One caveat in the saturation analysis is that “fuzzy” nucleosomes or background noise might give us more “false positive” dynamic nucleosomes with an increasing number of reads. In order to distinguish genuine dynamic nucleosomes from background noise, we decided to use the degree of functional enrichment of the same number of top-ranked dynamic nucleosomes in the saturation analysis (Fig. 5). The rationale is that the background noise should be randomly distributed across the genome and thus has no functional enrichment. Our analysis demonstrated that for EtOH-YPD, increasing the sequencing depth significantly increases the degree of functional enrichment of dynamic nucleosomes, strongly indicating lack of saturation; whereas for Gal-YPD, the same analysis indicated a slightly saturated sequencing depth, probably because there are less dynamic nucleosomes involved in the Gal-YPD environmental change (Fig. 3D). Altogether, these results suggest that, even at the current sequencing depth of ∼200-fold, dynamic nucleosome analysis can still be improved significantly by further increasing the sequencing depth.

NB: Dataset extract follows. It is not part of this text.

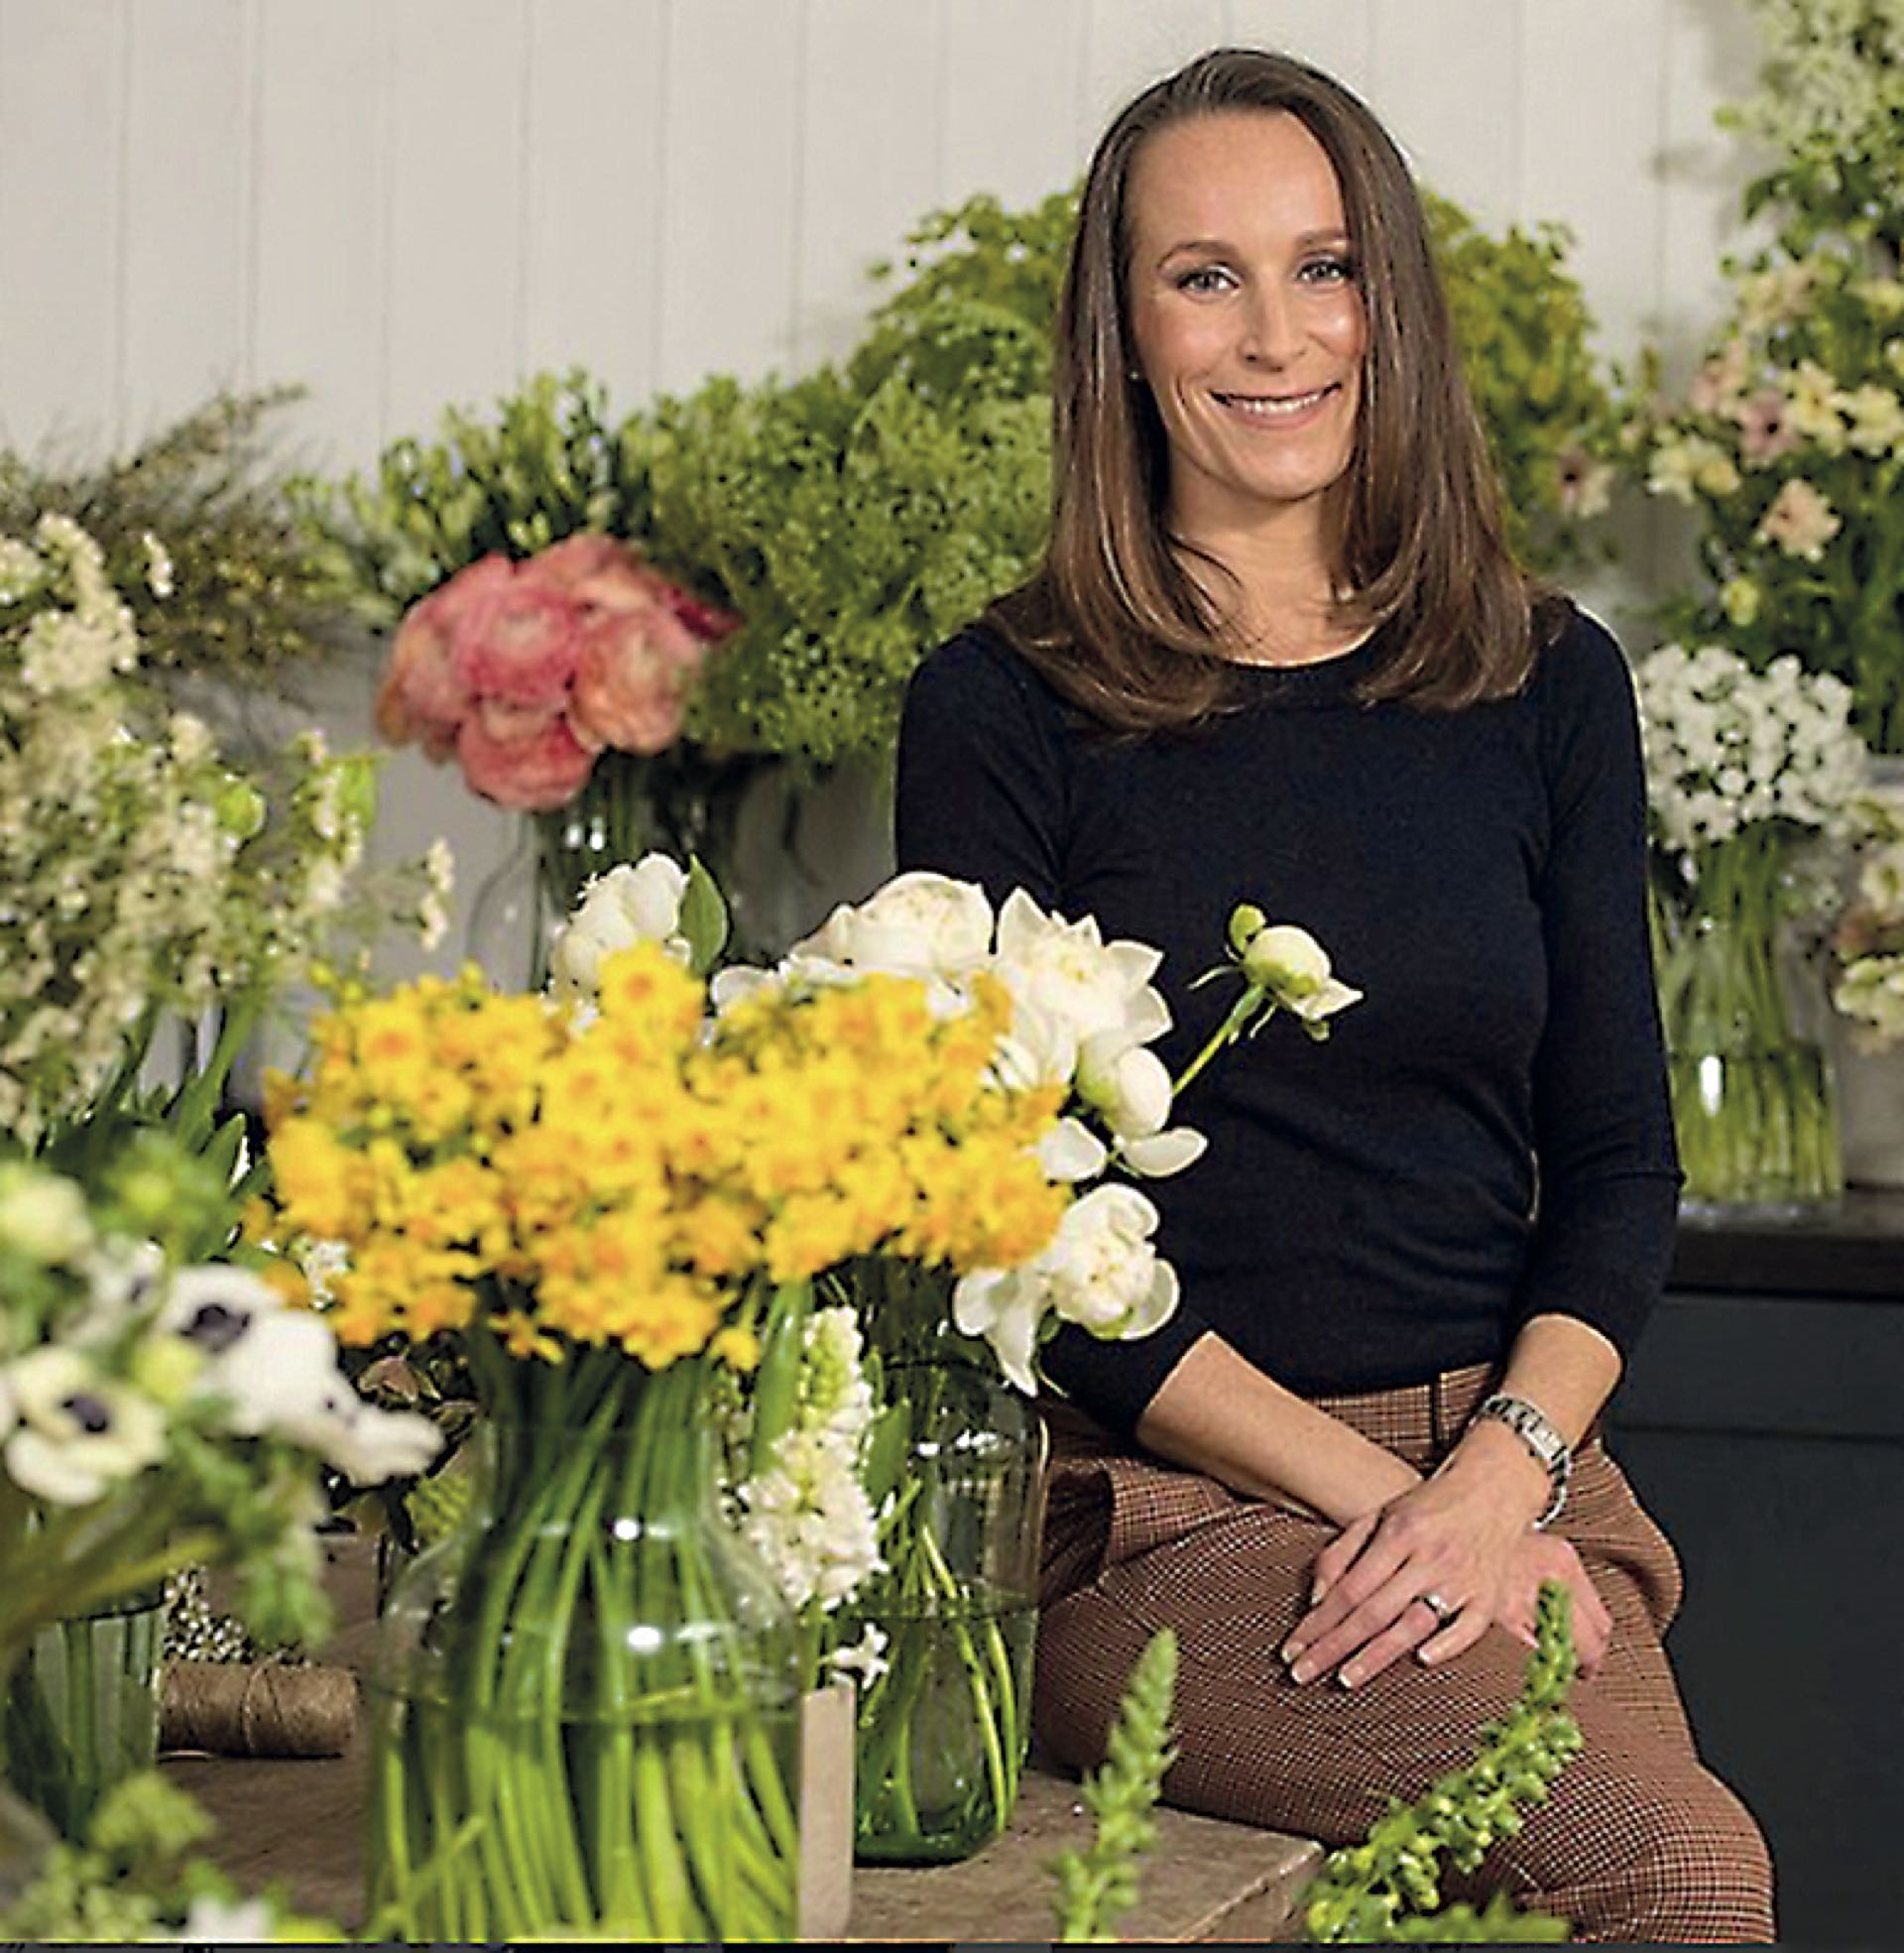 xArreglos florales. La florista Phillippa Craddock recurrirá a ramas de haya y abedul y a rosas blancas, peonías (las favoritas de la novia) y dedaleras.

DANPOS analysis of dynamic nucleosomes in the mammalian genome

The proximal promoter is largely composed of well-positioned nucleosomes, e.g., more than 10 well-positioned nucleosomes are observed flanking yeast TSS (Fig. 6A), whereas chromatin in distal regulatory regions is in a more fluid organization where nucleosomes become fuzzier. Although it may not be as much of an issue for the yeast genome, the definition and functional interpretation of intergenic dynamic nucleosomes is a largely unexplored problem in the mammalian genome.

Figure 6.

Figure 6.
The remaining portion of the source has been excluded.